▶ Exercise requirements
Using the listing, copy each whole line that features "service".

▶ Excerpted records
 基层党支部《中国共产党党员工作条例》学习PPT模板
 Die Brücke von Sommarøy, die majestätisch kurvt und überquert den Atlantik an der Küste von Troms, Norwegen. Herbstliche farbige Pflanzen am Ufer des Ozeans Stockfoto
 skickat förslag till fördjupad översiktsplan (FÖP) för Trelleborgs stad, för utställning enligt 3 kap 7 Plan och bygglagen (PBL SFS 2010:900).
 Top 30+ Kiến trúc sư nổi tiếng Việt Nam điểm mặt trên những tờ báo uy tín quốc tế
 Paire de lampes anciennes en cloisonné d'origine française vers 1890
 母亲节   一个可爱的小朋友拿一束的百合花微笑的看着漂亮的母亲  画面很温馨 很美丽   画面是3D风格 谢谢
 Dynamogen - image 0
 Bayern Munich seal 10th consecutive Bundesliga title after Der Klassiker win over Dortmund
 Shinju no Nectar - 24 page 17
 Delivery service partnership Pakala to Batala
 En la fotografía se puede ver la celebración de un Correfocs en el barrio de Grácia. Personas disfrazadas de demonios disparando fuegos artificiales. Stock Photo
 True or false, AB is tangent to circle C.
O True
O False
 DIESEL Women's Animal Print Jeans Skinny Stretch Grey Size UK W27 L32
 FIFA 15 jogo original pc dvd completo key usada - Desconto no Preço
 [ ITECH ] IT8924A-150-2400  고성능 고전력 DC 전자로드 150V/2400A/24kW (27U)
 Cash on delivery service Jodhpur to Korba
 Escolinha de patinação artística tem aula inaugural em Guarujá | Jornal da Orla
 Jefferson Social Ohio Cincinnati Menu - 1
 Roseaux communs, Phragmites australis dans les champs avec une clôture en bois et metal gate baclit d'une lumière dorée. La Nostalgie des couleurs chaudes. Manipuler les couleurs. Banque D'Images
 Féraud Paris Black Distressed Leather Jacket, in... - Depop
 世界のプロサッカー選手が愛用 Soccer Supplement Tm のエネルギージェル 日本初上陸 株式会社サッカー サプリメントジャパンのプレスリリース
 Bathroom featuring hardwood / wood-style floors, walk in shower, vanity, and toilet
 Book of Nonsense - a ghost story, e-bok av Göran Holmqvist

▶ Response area
 Delivery service partnership Pakala to Batala
 Cash on delivery service Jodhpur to Korba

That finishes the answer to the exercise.